After the mahi mahi has been pat dry, season both sides with a pinch of salt and pepper. Heat a large, nonstick skillet over medium heat for 5 minutes and then add a thin layer of oil to the pan. Allow it to heat for another 30 seconds and then sear the mahi fillets for 3 minutes per side, or until golden brown.
They will continue cooking all the way through in the sauce, but you want them to have a nice sear on them!
Once the mahi fillets have been seared, remove them from the skillet and then we will start to make the brown butter piccata sauce!
steps for making the brown butter
The technique of using brown butter, or beurre noisette, originated in France (of course!) and is a golden, brown color and nutty flavor. It is often used in savory foods like vegetables, but is common in pastries, too!
Brown butter is really simple to make and will elevate your dish. It’s perfect in this piccata recipe because the nutty flavor of the brown butter really complements the brininess of the piccata.
To make the brown butter, simply cube 1 stick of butter and add it to the skillet. Simmer on medium to medium-low, stirring frequently, until the butter is brown and you can smell the nutty deliciousness!
how to make mahi mahi piccata sauce
Once the brown butter has been made, it’s time to finish the rest of the sauce for the mahi mahi piccata. To the skillet, add the capers, lemon juice and broth. Add the fish back to the pan and spoon the sauce over the filletts, allowing it to simmer on low for about 5 minutes.
The fish is done when it flakes apart easily!
If you love this recipe, please leave a review below! Also, come say hi on Instagram and follow along on Pinterest for more recipe inspiration!
Looking for a side dish for this Mahi Mahi Piccata? These Perfect Roasted Potatoes go wonderfully with it!
Brown Butter Mahi Mahi Piccata
- 2 lbs mahi mahi
- 1 stick of butter
- 1/4 cup capers
- 1/2 cup vegetable broth
- 1 large lemon
- salt & pepper
- In a large nonstick skillet, heat a thin layer of oil on medium heat.
- Pat the mahi filets dry with a paper towel, season with a pinch of salt and pepper, and sear in the skillet for about 3 mins per side. Set aside on a plate.

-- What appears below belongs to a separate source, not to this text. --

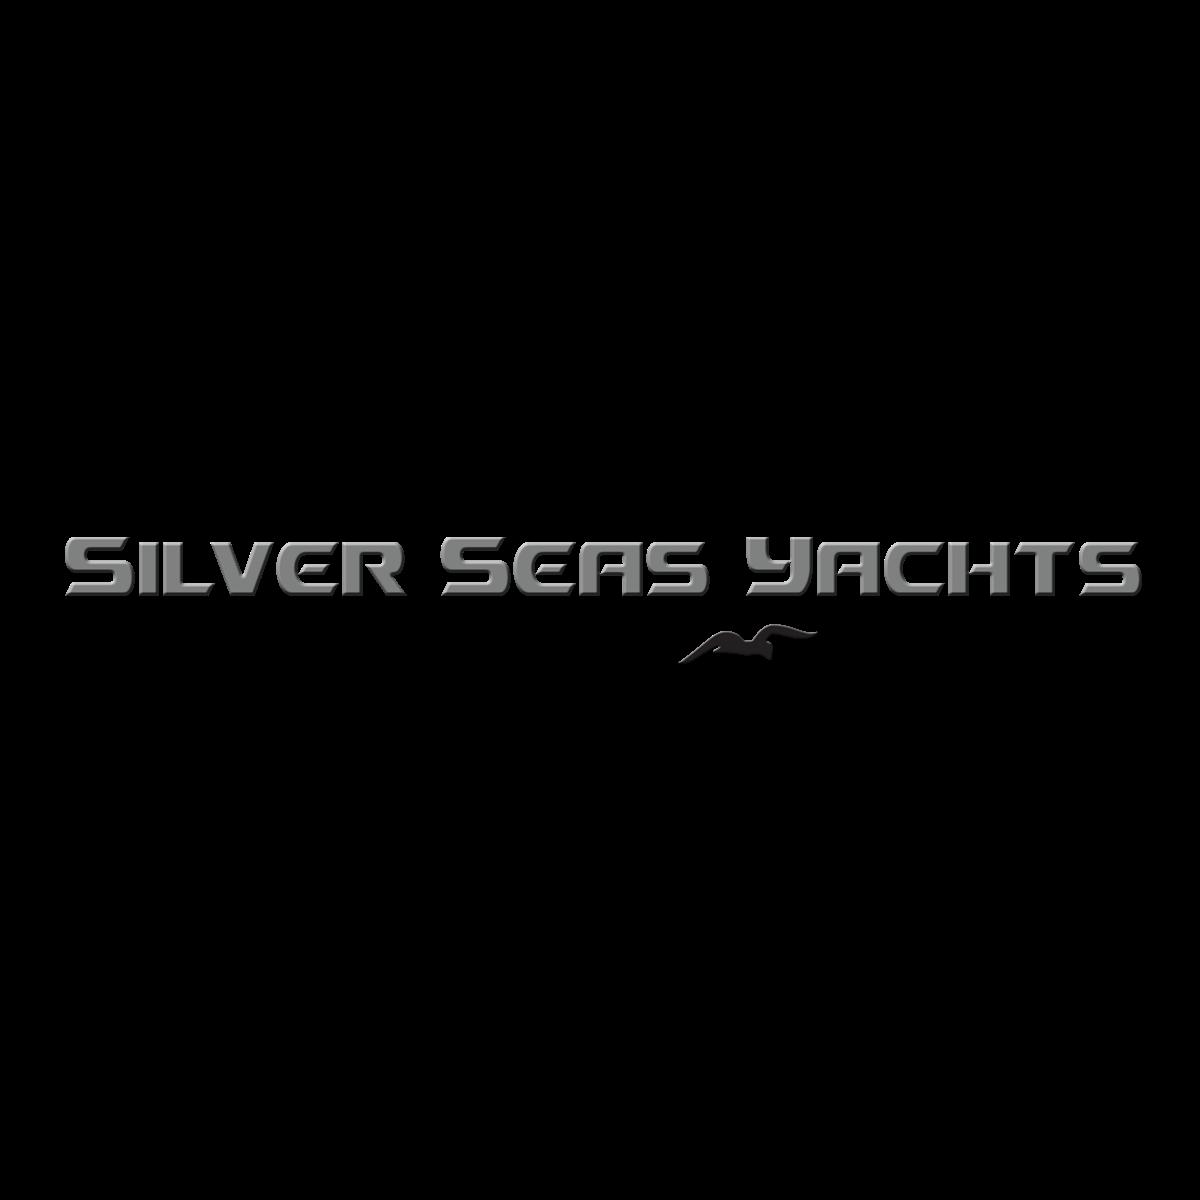 Silver Seas Yachts - Newport Beach

- To the skillet, add the butter. Continue to heat and stir the butter until it has browned, about 8 mins.
- Add the capers, lemon juice and broth to the skillet, stirring. Return the fish to the skillet and spoon the sauce over.
- Turn the heat to low and allow the fish to cook in the sauce for a couple of minutes, until it flakes apart easily & is finished cooking.
Like!! Great article post.Really thank you! Really Cool.
Will this still taste good if I don’t have capers?
It’s definitely best with capers!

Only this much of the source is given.